In December 2016, with the introduction of the Upper Austria S-Bahn, the timetable was adjusted to the S-Bahn system so that all S-Bahn lines arrive at and depart from Linz Hauptbahnhof at roughly the same time to facilitate interchange.

From 1 January 2024 the Aschach Railway will be taken over by the state-owned Schiene Oberösterreich GmbH. The Eferding–Aschach section is to be electrified and integrated into the Linzer Lokalbahn network.

== Economic situation ==

Goods transported (1978–2005)

The main source of income for the Linzer Lokalbahn is currently passenger traffic. Goods are transported only rarely; only the haulage of sugar beets generates additional revenue. Since the railway no longer owns its own freight wagons, wagons are hired each year for these beet trains. Special trains with historic vehicles are also operated regularly. ET 22.105 is available at any time for charter with a supporting programme, photo stops and a depot tour.

On the Linz–Waizenkirchen section trains are generally staffed with conductors, although driver-only operation is being trialled. The upper section (Waizenkirchen, Neumarkt, Peuerbach) is regularly operated driver-only.

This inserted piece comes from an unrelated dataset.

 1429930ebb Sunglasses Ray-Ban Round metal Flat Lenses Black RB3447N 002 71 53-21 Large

In 2007 the LILO employed a total of 103 staff. Since 1999 the railway has been part of the Linz transport association (LVV) (since 2005 a member of the Upper Austria Transport Association (OÖVV)) and thereby receives appropriate compensation for its costs.

Revenue from roughly 2 million fare-paying passengers (2016) and 70,000 tonnes of freight (2005) falls far short of covering operating costs. The municipalities along the line, especially the cities of Linz and Eferding, have provided substantial subsidies for many years. Other neighbouring municipalities do not always pay their full contribution, leading to ongoing political debate and difficulties with necessary investment.

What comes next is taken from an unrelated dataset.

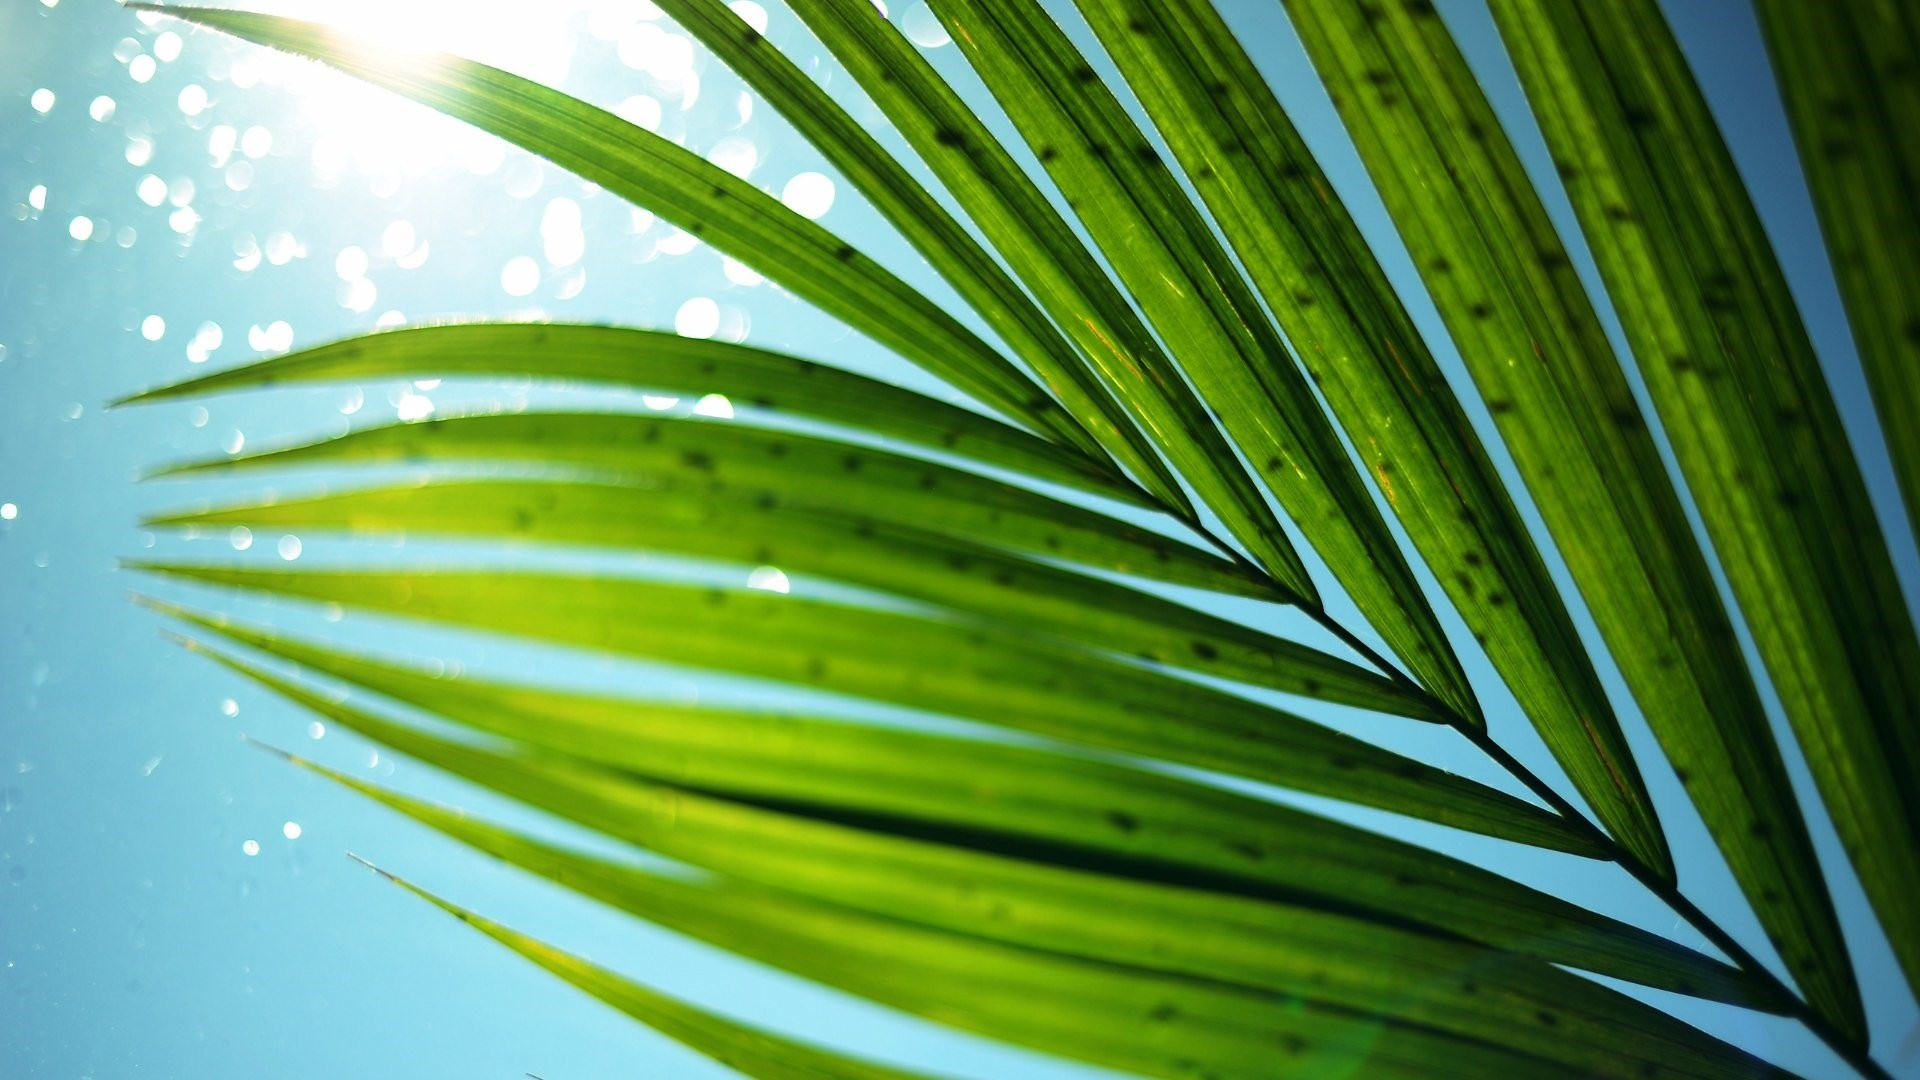 Tropical Leaf Wallpaper theme

Nevertheless, the railway's operation is secured year after year through the granted subsidies.

At the city council meeting of 31 March 2004 the city of Linz granted the Linzer Lokalbahn AG a subsidy of €290,690 per year for 2004–2006 to maintain operations, plus €1,125,000 per year for 2004–2007 for the purchase of six additional multiple units, and a further €109,310 in 2004 as advance financing for the vehicles. In the same meeting the city agreed to pass on the expected state grant of €545,000 per year for 2007 and 2008.

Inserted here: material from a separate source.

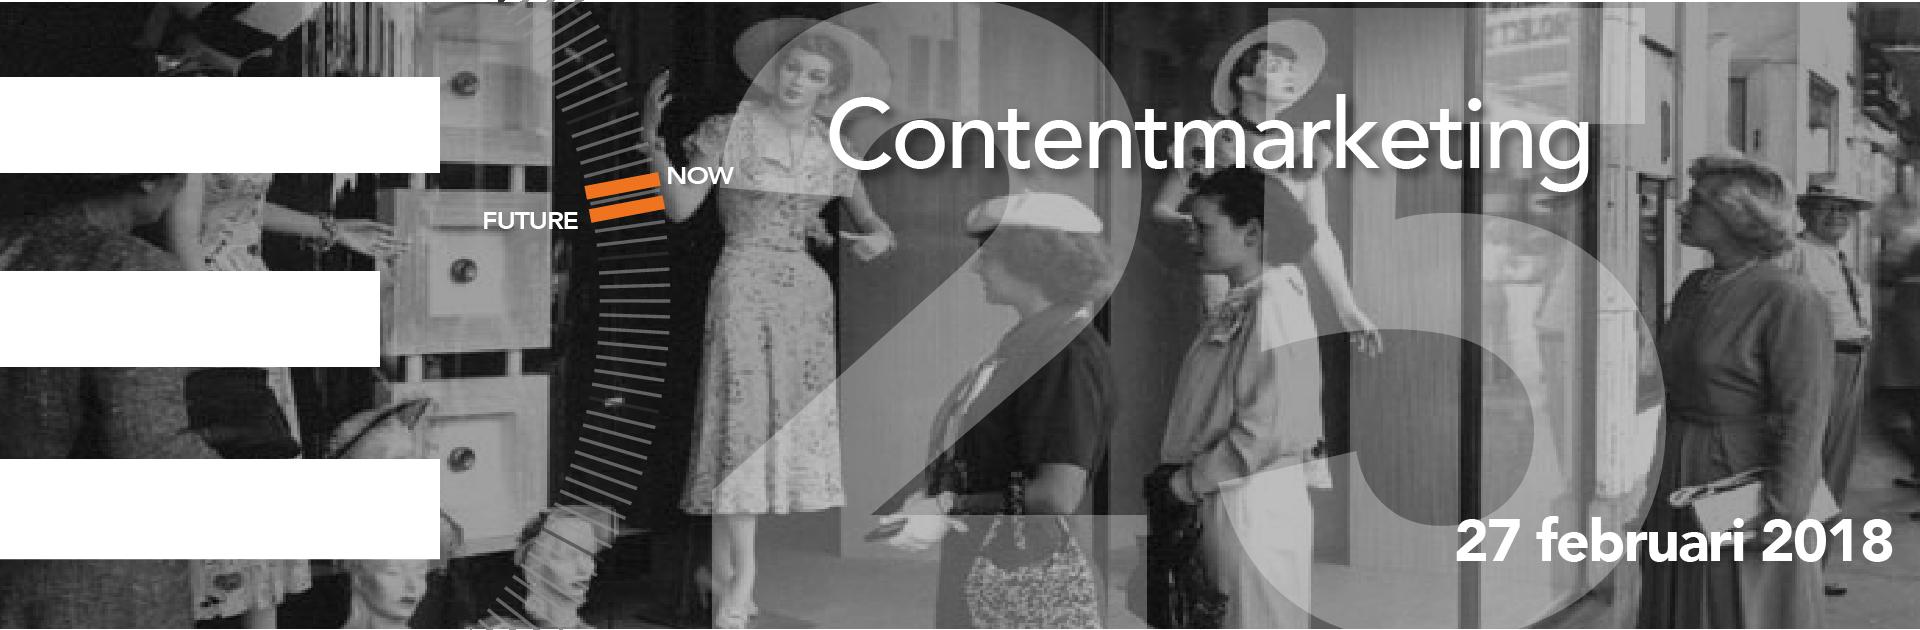 banner_contentmarketing

Passengers carried (1978–2005)

== Passenger number development ==
In 1978 the Linzer Lokalbahn still carried just over 1.6 million passengers on the Linz–Eferding–Waizenkirchen route; in the following decade the figure fell steadily to less than half, mainly due to an ageing fleet and unattractive journey times. Only the introduction of more comfortable ex-Köln-Bonner Eisenbahnen units in 1987 and the resulting shorter journey times reversed the decline. It took another twelve years until passenger numbers in 1998 approached the earlier levels again. Around the turn of the millennium the figure stabilised at 1.6 million passengers per year. Numbers then rose again, and in 2016 the two-million mark was exceeded.

== Bibliography ==
- Karl Zwirchmayr: 75 Jahre Linzer Lokalbahn, Linzer Lokalbahn AG, 1987.
- Helmut Weis: Die Unternehmung Stern & Hafferl II. Bahn im Bild, Band 26, 1982.
- Ludger Kenning: Eisenbahnhandbuch Österreich. Verlag Kenning, Nordhorn 1992, ISBN 3-927587-08-7, pp. 77–78.
- Helmut Marchetti: Stern & Hafferl – Visionen mit Tradition. GEG Werbung, Gmunden 2003, ISBN 3-9501763-0-6.
- Andreas Christopher, Gunter Mackinger, Peter Wegenstein: Privatbahnen in Österreich. Motorbuch Verlag, 1997, ISBN 3-613-71052-8.